Additionally, the Czech Republic’s relatively low poverty rate of 3.4% is somewhat misleading. The poverty rate considers the standard of living within the Czech Republic. Sociologist Daniel Prokop uses Luxembourg to exemplify why this can be misleading: “the median [income] in Luxembourg is twice as high as in the Czech Republic. Therefore, the poverty line is twice as high, making it easier for low-income workers to fall below it.” So, countries with higher median incomes have a higher standard of living. Since the Czech Republic has a lower relative poverty threshold, an impoverished citizen in Luxembourg may not be considered impoverished in the Czech Republic.

Working Through a Long-term Drought

The Czech Republic is experiencing the most threatening drought in 500 years. The drought began in 2018, and it escalated to a climate crisis in April 2020- right in the start of the COVID-19 pandemic. There is a fear that the continuation of the drought in the Czech Republic will cause mass famine.

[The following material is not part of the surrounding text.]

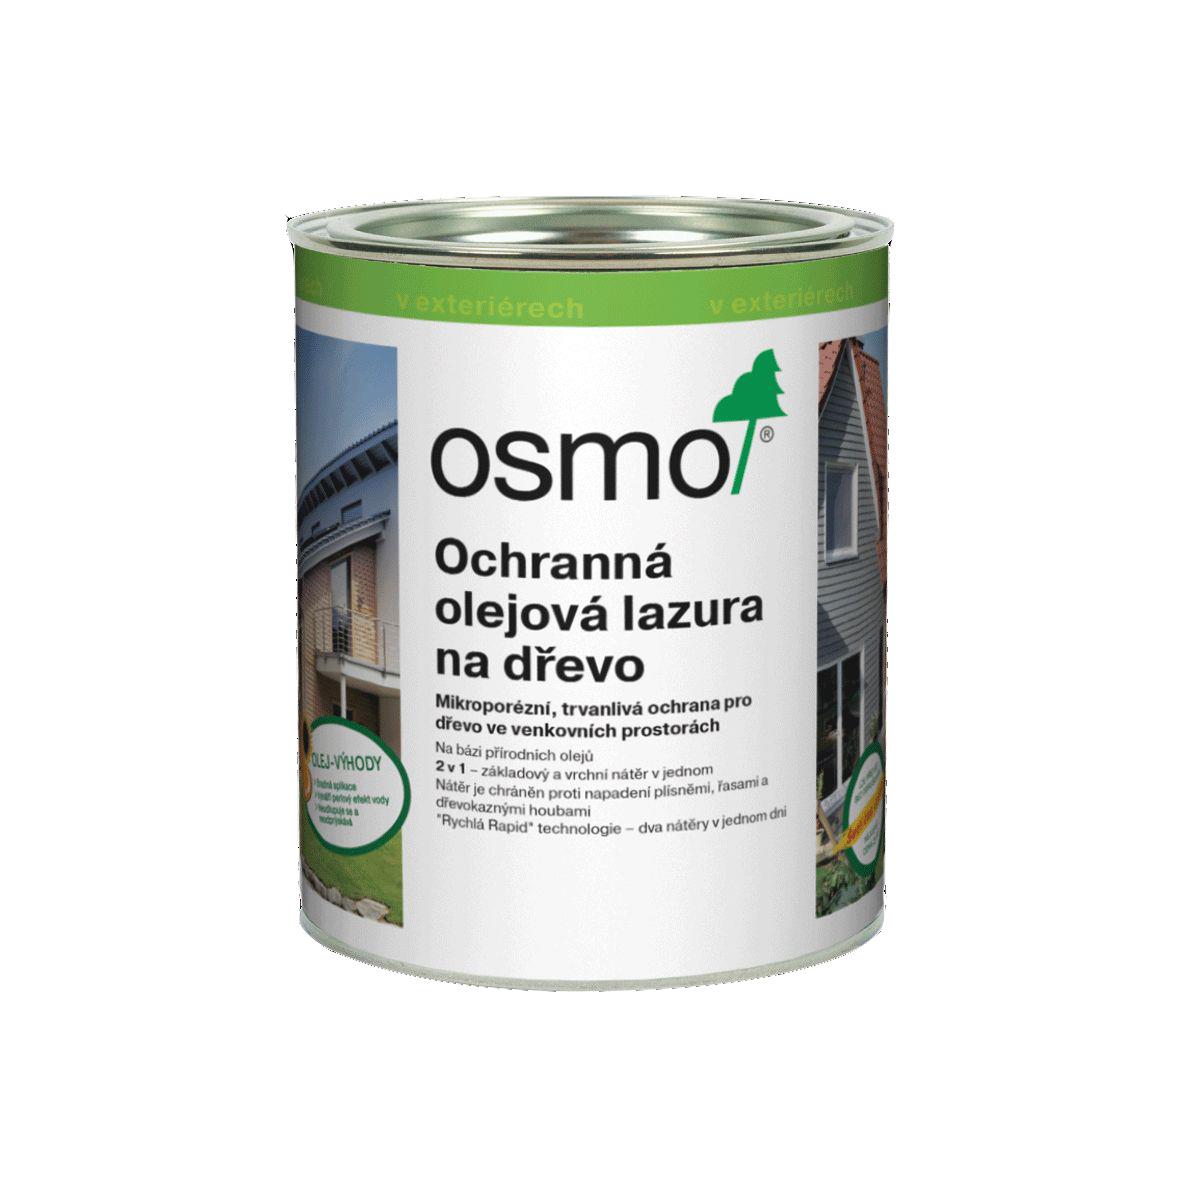 OSMO Ochranná olejová lazura 710 pinie 0,75l

Scientists are using an ESA satellite to monitor the drought and soil conditions, keeping the country’s agribusiness sector stable. Well-organized agricultural systems are preventing major catastrophe in the present. Yet, crop yields are expected to continue shrinking in the upcoming months. The biggest concern, however, is the impending water shortage. The Ministry of Environment in the Czech Republic has implemented over 15,000 projects across the country to build pipelines for drinking water, preserving dams and reservoirs and much more.

COVID-19 Impacts

Thankfully, the Czech Republic has handled COVID-19 wisely from the start. They were the first country in Europe to issue a mask mandate, sending the notice on March 19, 2020. So far, there are no significant deviations from normal malnutrition and poverty rates due to the pandemic. Despite a couple of recent clusters in the eastern parts of the country, heavily populated cities such as Prague (population: 1.3 million) are seeing consistently low infection rates as of late July. Many citizens’ lives have returned to normalcy, with schools and buildings re-opening and commerce flourishing.

Tomorrow’s Outlook

Organizations ranging from small local projects to large NGOs are working to combat poverty and hunger in the Czech Republic as the drought and COVID-19 continue. For example, the Prague Changemakers organizes volunteering projects by recruiting local citizens. Together, they cook and distribute food to the local homeless population.  Additionally, Naděje is an example of a larger NGO. Naděje was founded in the 1990s following the revolution and their organization’s goal is to serve the homeless. Naděje began by serving food in railway stations. Soon, the NGO expanded to building homes and shelters across the country. For their first major project, Naděje established day centers for the homeless to get food, creating two hostels for men and one for women.

Ultimately, responsible governmental action and the work of NGOs like Naděje have provided stability to the Czech Republic in an uncertain time. Hopefully, their work in the Czech Republic will continue to keep COVID-19 and the drought under control. It seems other countries should take notes as unemployment, hunger, and poverty rates remain relatively low in the Czech Republic.